= Bertran de Gourdon =

Bertran de Gourdon or Bertram de Gordon (fl. 1209-1231) was the lord of Gourdon, a knight and troubadour.

Initially a partisan of Raymond VI of Toulouse in the war between the Albigensian Crusade and the baronage of Languedoc, Bertran switched sides and did homage for his lands to Philip II of France in December 1211. He alludes to this action in a cobla of 1212, a response to the criticism of a certain Mahieu or Matheus (not Mathieu de Caerci) for "selling out" to the French. Bertran surrendered promptly to the Crusaders under Simon de Montfort in May 1218 and did homage to Simon for his lands.

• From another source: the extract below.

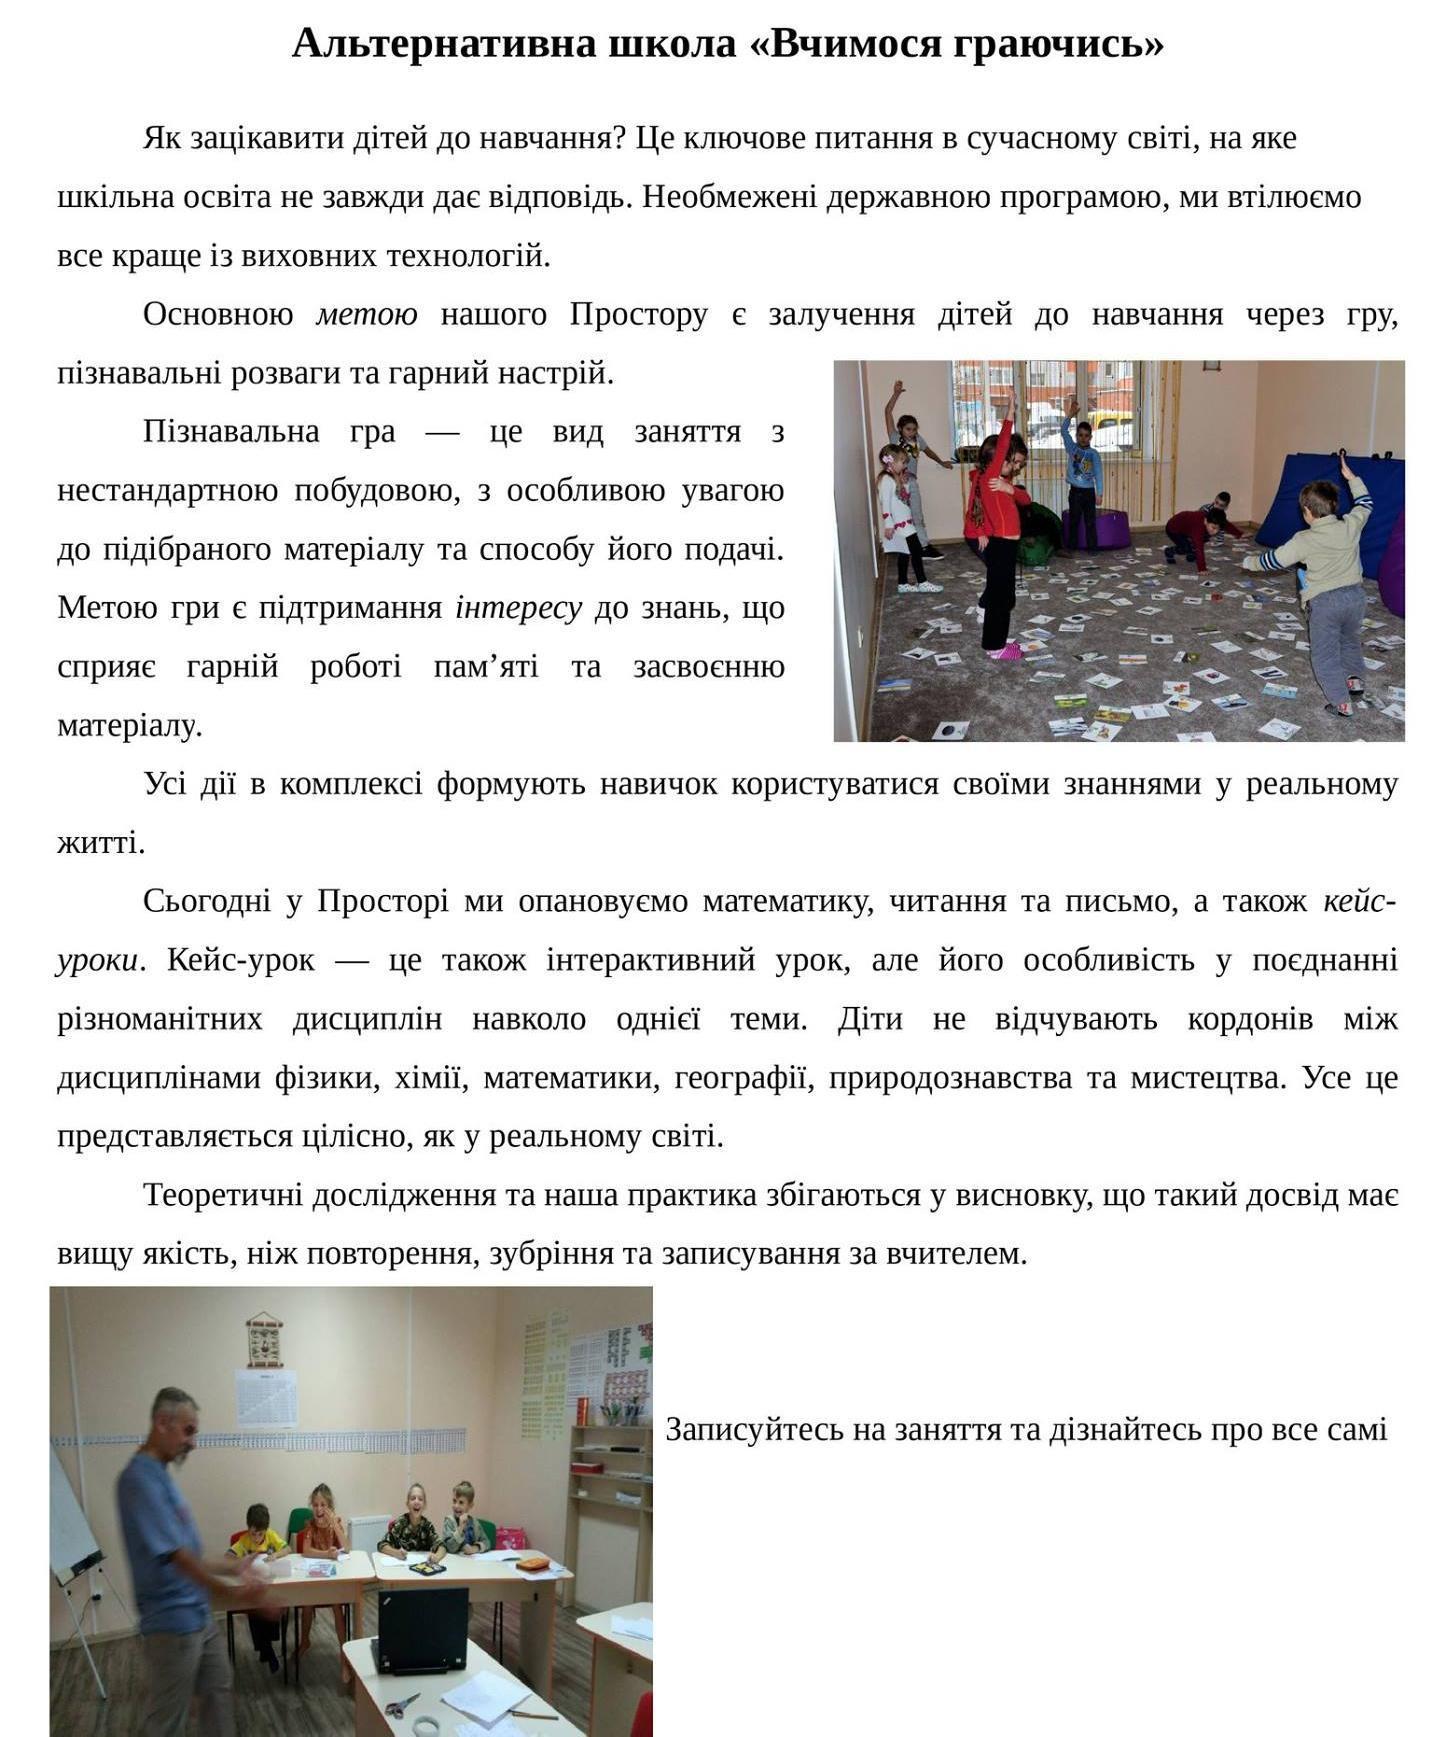 *** альтернативна школа місто Хмельницький - навчає дітей вчитель Іван Олексійович Куць ***

Bertran wrote a comic tenso, that is poetical debate, with Peire Raimon de Tolosa, now known by the incipit Totz tos afars es nienz. It was dated to before 1211 by Joseph Anglade on the basis that Bertran was probably not at odds with his fellow southern barons yet if he was, as Anglade, suspects, playing host and patron to Peire Raimon, who had just recently left the court of Toulouse, the chief enemy of the French crown.

==Sources==
- Anglade, Joseph (1920). Poésies du troubadour Peire Raimon de Toulouse: Texte et traduction.
- Jeanroy, Alfred (1934). La poésie lyrique des troubadours. Toulouse: Privat.